* THE DATA:
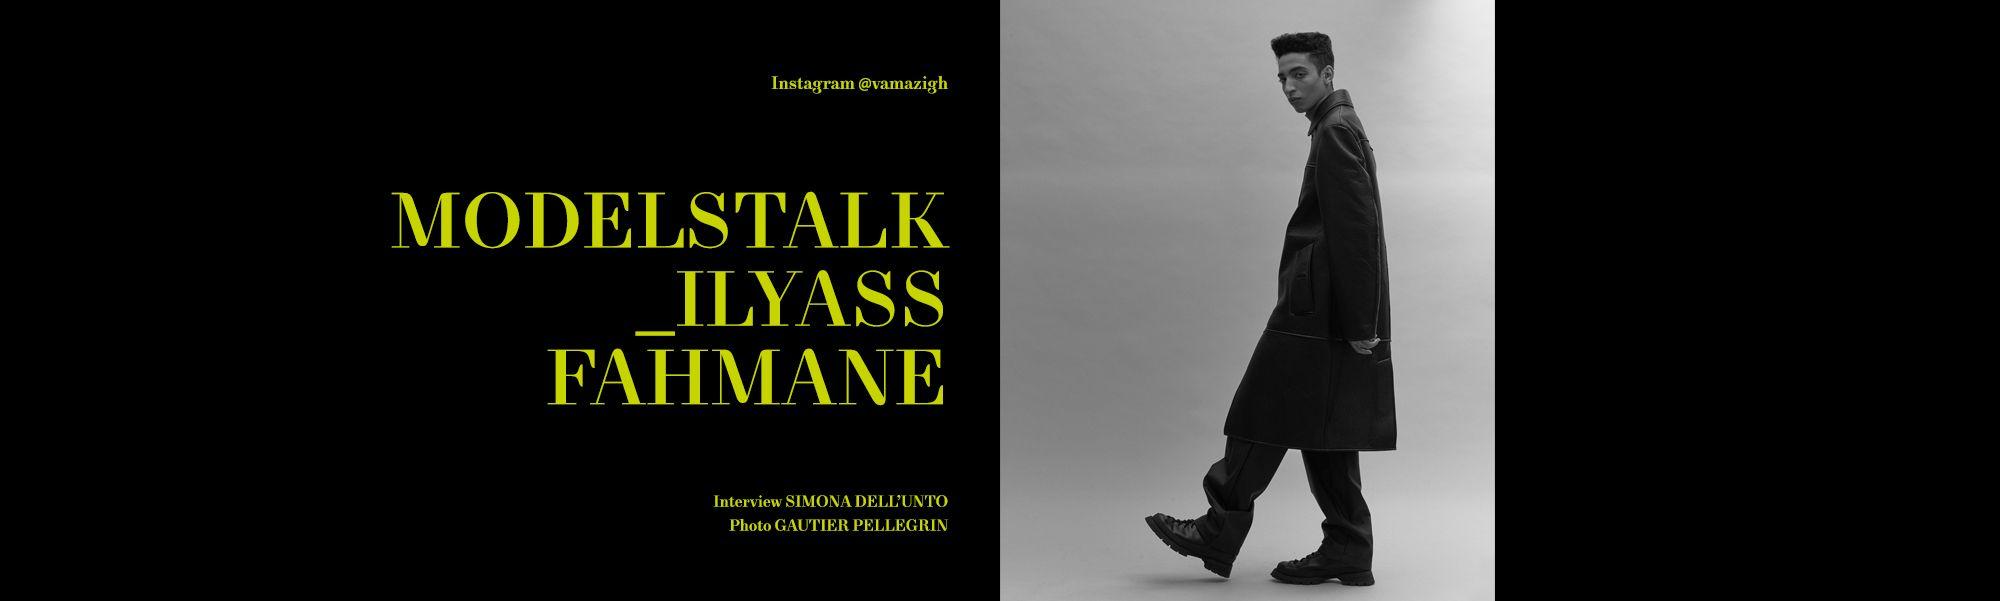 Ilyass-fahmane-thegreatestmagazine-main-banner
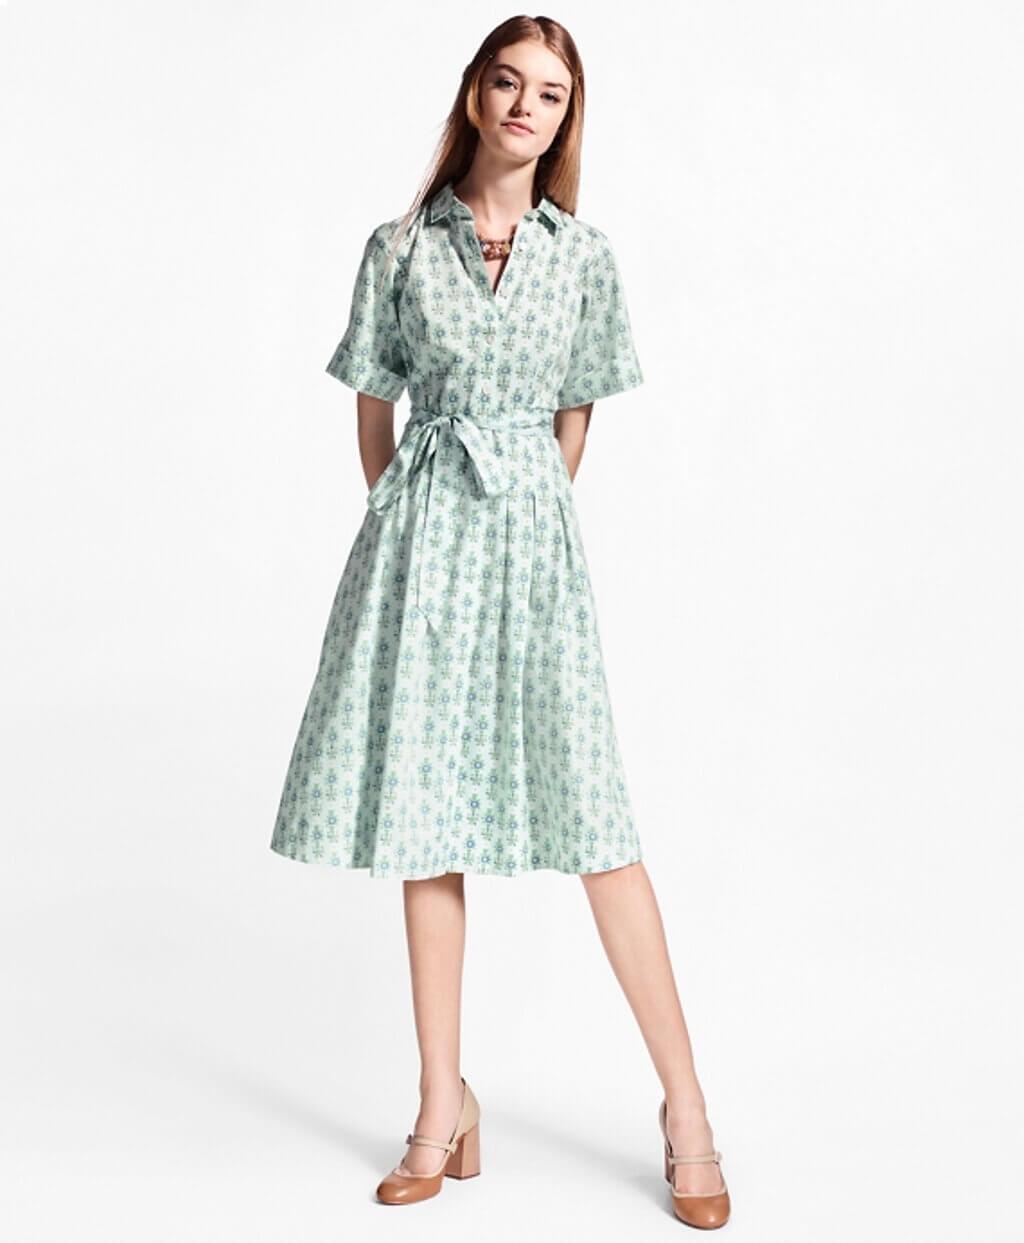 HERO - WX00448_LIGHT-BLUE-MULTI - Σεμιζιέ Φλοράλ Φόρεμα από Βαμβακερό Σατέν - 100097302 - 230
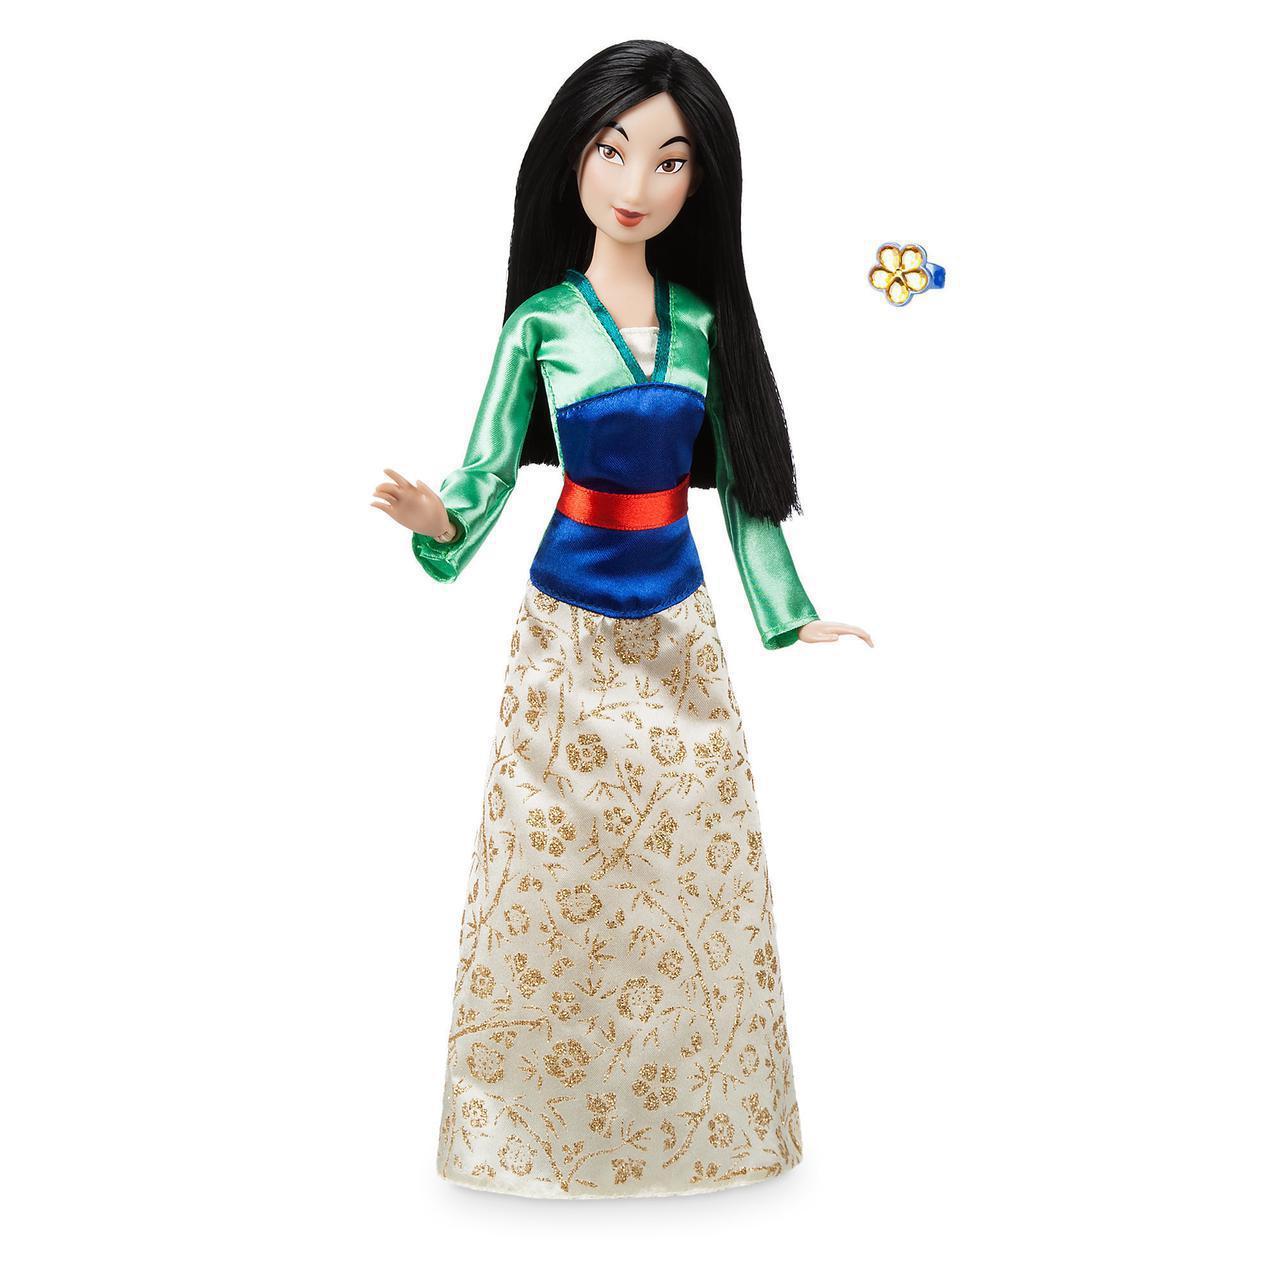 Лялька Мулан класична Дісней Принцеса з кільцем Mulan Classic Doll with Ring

* TASK BRIEF: Every last line above must be reproduced as written, and no pictures belong in the copy.

* EXERCISE SOLUTION:
 Ilyass-fahmane-thegreatestmagazine-main-banner
 HERO - WX00448_LIGHT-BLUE-MULTI - Σεμιζιέ Φλοράλ Φόρεμα από Βαμβακερό Σατέν - 100097302 - 230
 Лялька Мулан класична Дісней Принцеса з кільцем Mulan Classic Doll with Ring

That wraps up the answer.